Acto seguido, se involucra como sujeto de la enunciación, como suerte de intercesor entre la propia empresa evangelizadora y los designios divinos, anticipando, de alguna manera, lo que desarrollará a lo largo de su aparato prologal, "barredero", como él mismo califica su obra. Pero, sobre todo, mostrará esta red textual que remite a algo exterior: su figura como partícipe, pero al mismo tiempo, su subjetividad como prologuista y la consecuente intervención en su obra esparciendo de ese modo contenidos doctrinales, y cierta pedagogía cristiana, la defensa de su labor historiográfica.

Y por la parte que me toca, suplico a vuestra divina majestad [se refiere a Dios, no al rey] que después de haber quitado todo el poder al tirano enemigo, hagáis que donde abundó el delicto abunde la gracia, y conforme a la abundancia de tinieblas venga la abundancia de la luz sobre esta gente, que tantos tiempos habéis permitido estar supeditada y opresa de tan grande tiranía (Libro Primero, 75).

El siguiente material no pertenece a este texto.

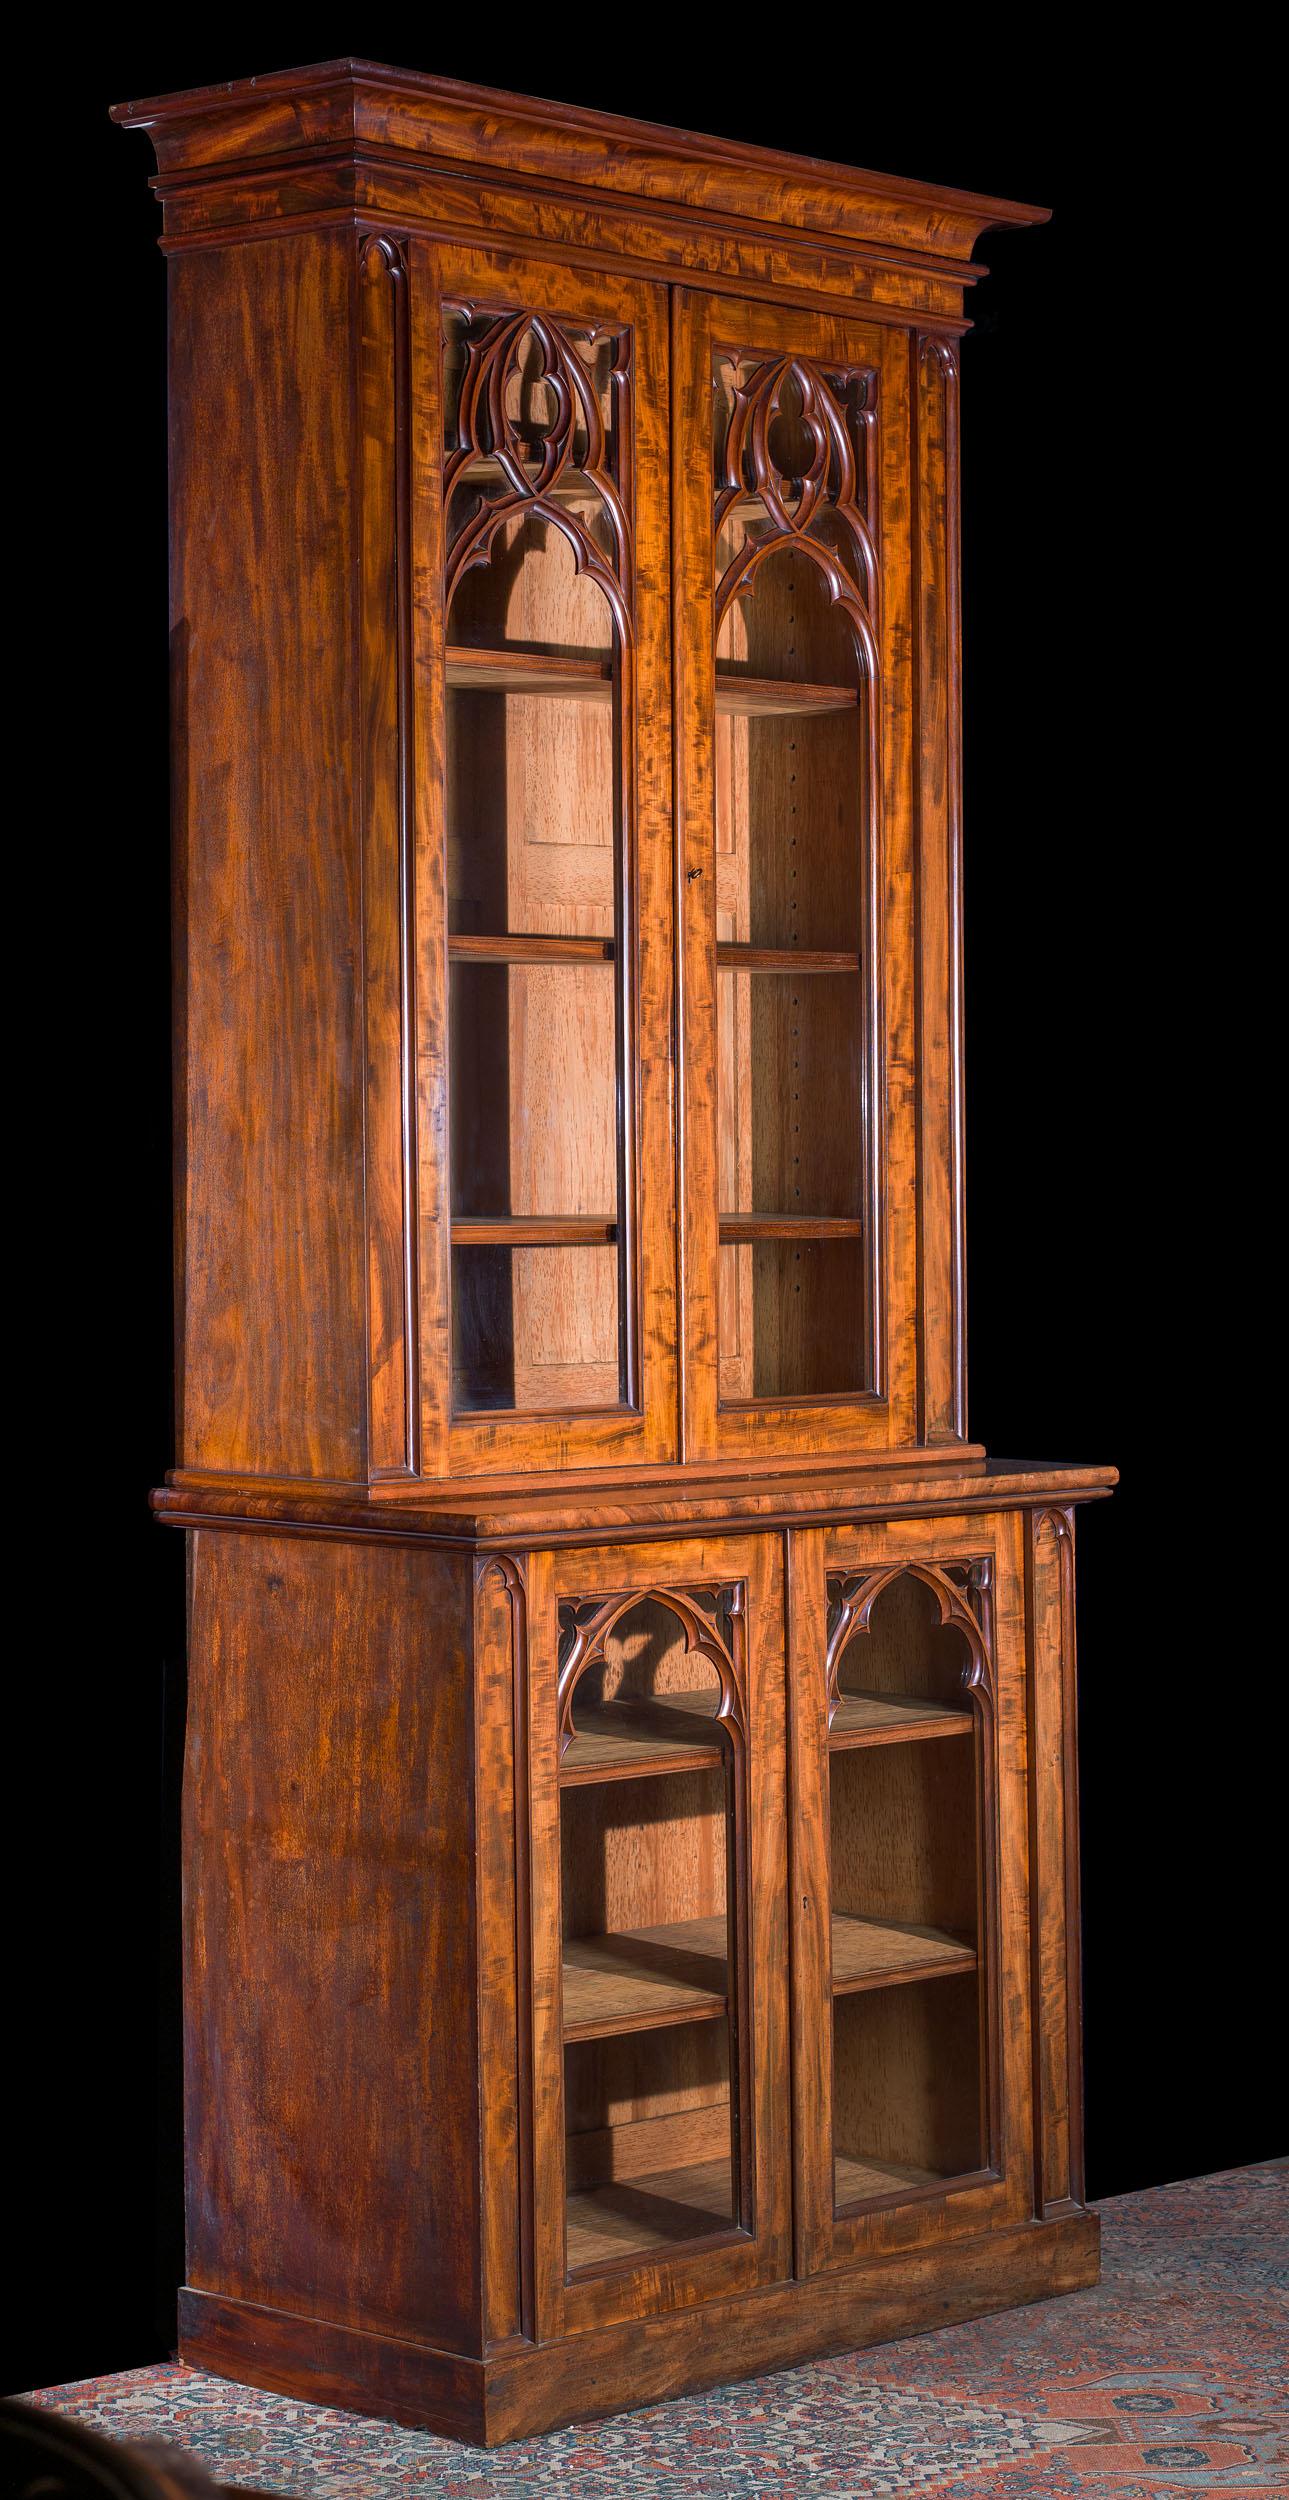 An elegant 19th century Gothic Revival glazed bookcase of small proportions and excellent quality. The figured mahogany case is mounted with two pairs of glazed doors, both carved with fine tracery reminiscent of Gothic windows. Inside the bookcase,

Sahagún muestra así uno de los rasgos fundamentales del género prólogo: no sólo se dirige a alguien en particular, a sus diferentes y posibles lectores, sino que, además, lo hace de manera anacrónica. Escribe el prólogo cuando la obra está en proceso, inconclusa, y lo inserta al final del primer libro llamándolo "Prólogo en romance",8 aun a sabiendas del grado de imposibilidad de lo que pide. El fraile no deja nada librado al azar. Con este mismo gesto hacia el lector, proyecta la obra hacia afuera, hacia un destinatario. En suma, entrega su obra a la (buena) lectura guiada de antemano a través de esta serie de paratextos que conforman un espacio necesario, dan cuenta de una función didáctica y permiten una salida del texto, ya que el prólogo es "como las campanas, que llaman a misa y ellas nunca allá entran", como comenta fray Miguel de Guevara en Menosprecio de corte y alabanza de aldea. La figura de las campanas resulta más que ilustrativa: atrae con su estudiada simbología (no suena la misma campanada para cada ocasión, hay que saber decodificar el llamado), con su armonía y musicalidad, y sin embargo, permanece invariablemente fuera del convite. Son, como el prólogo, un elemento extrínsecamente intrínseco, con una relativa independencia: una campana es una campana, pero pertenece a un campanario.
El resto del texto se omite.